Stability of the reconstructed DRUJ may be a concern. In the cases presented herein, the TFCC was reattached in 2 cases with resultant good clinical stability. In the congenital case, no TFCC was identifiable, and capsular soft tissues were sutured to the collateral ligament stump of the M2. The clinical result was good without complaints of instability. Should instability be a problem after ulnar head reconstruction with a M2 flap, a formal DRUJ ligament reconstruction could be safely performed at a later stage.
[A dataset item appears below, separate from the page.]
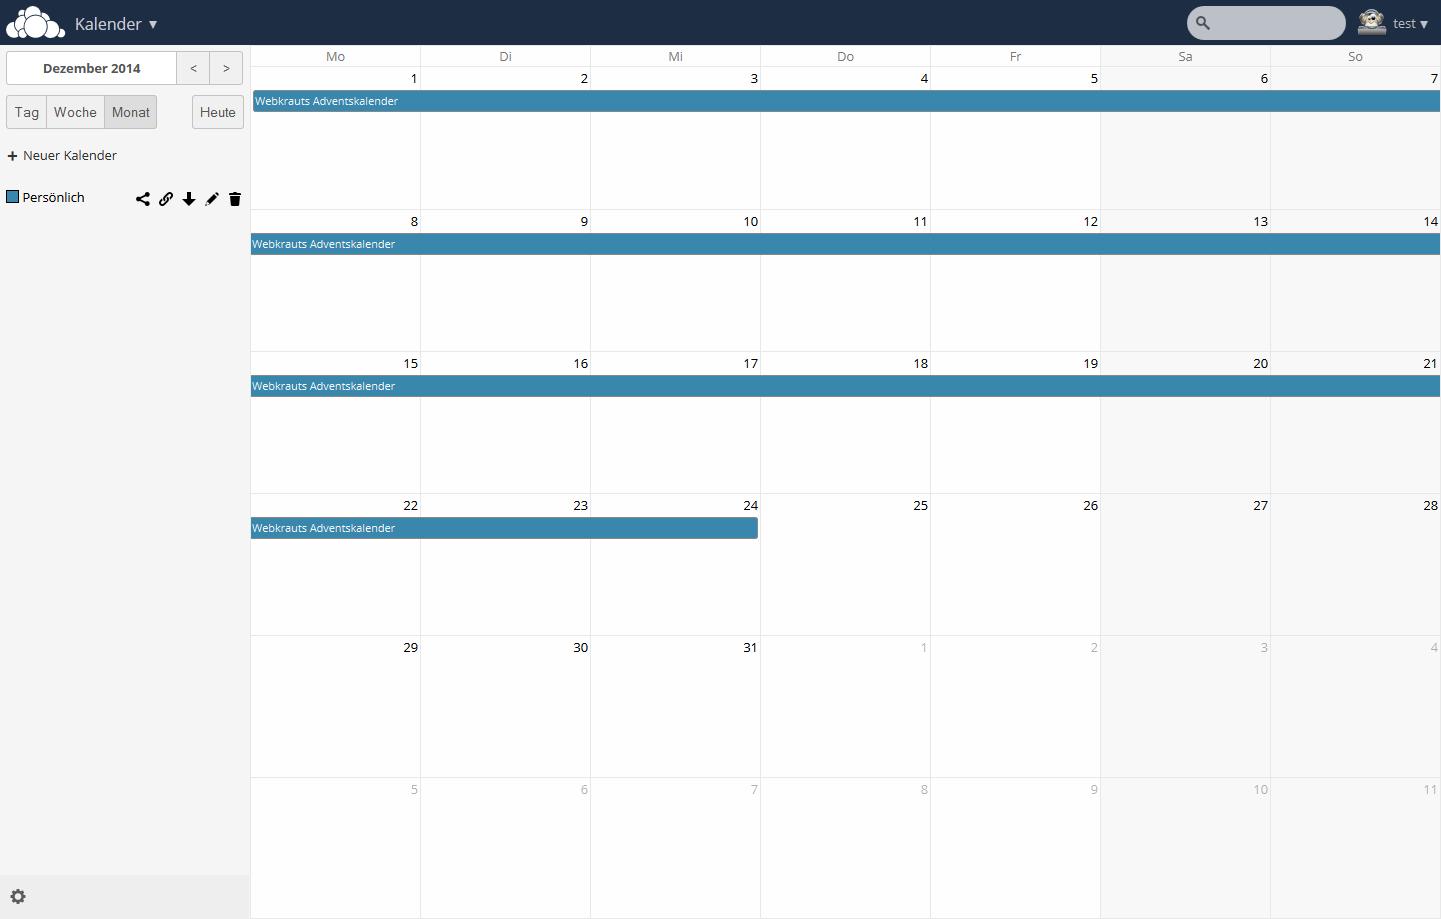 ownCloud Kalender Demo auf demo.owncloud.org
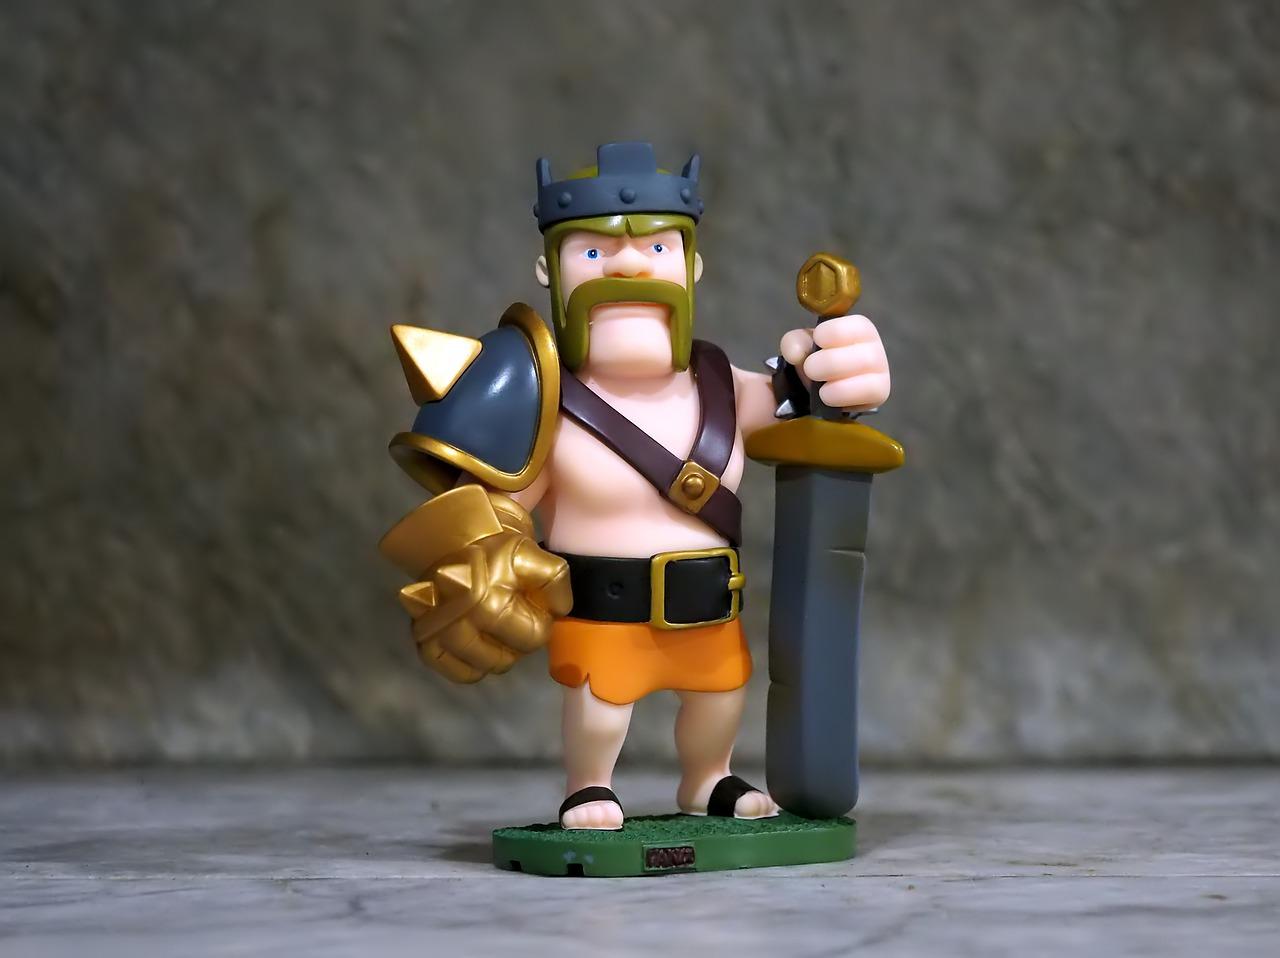 barbarian-king-4423090_1280

The present study has weaknesses. The number of patients and the follow-ups are short. In the authors’ practice, loss of the ulnar head is rare. The patients with a “failed Darrach” would be an indication to this technique. The authors have not yet performed this technique in that patient population. The main drawback of the technique presented herein is its technical complexity (compared with prosthetic replacement), requiring microvascular expertise. Indications would be any defect of the distal ulna shorter than 6 cm (the length of an average adult’s M2) in a patient accepting the (limited) morbidity of losing the M2, given proper microvascular expertise of the surgeon. Longer series with longer follow-up are necessary before this technique can be widely recommended, although these preliminary results are promising.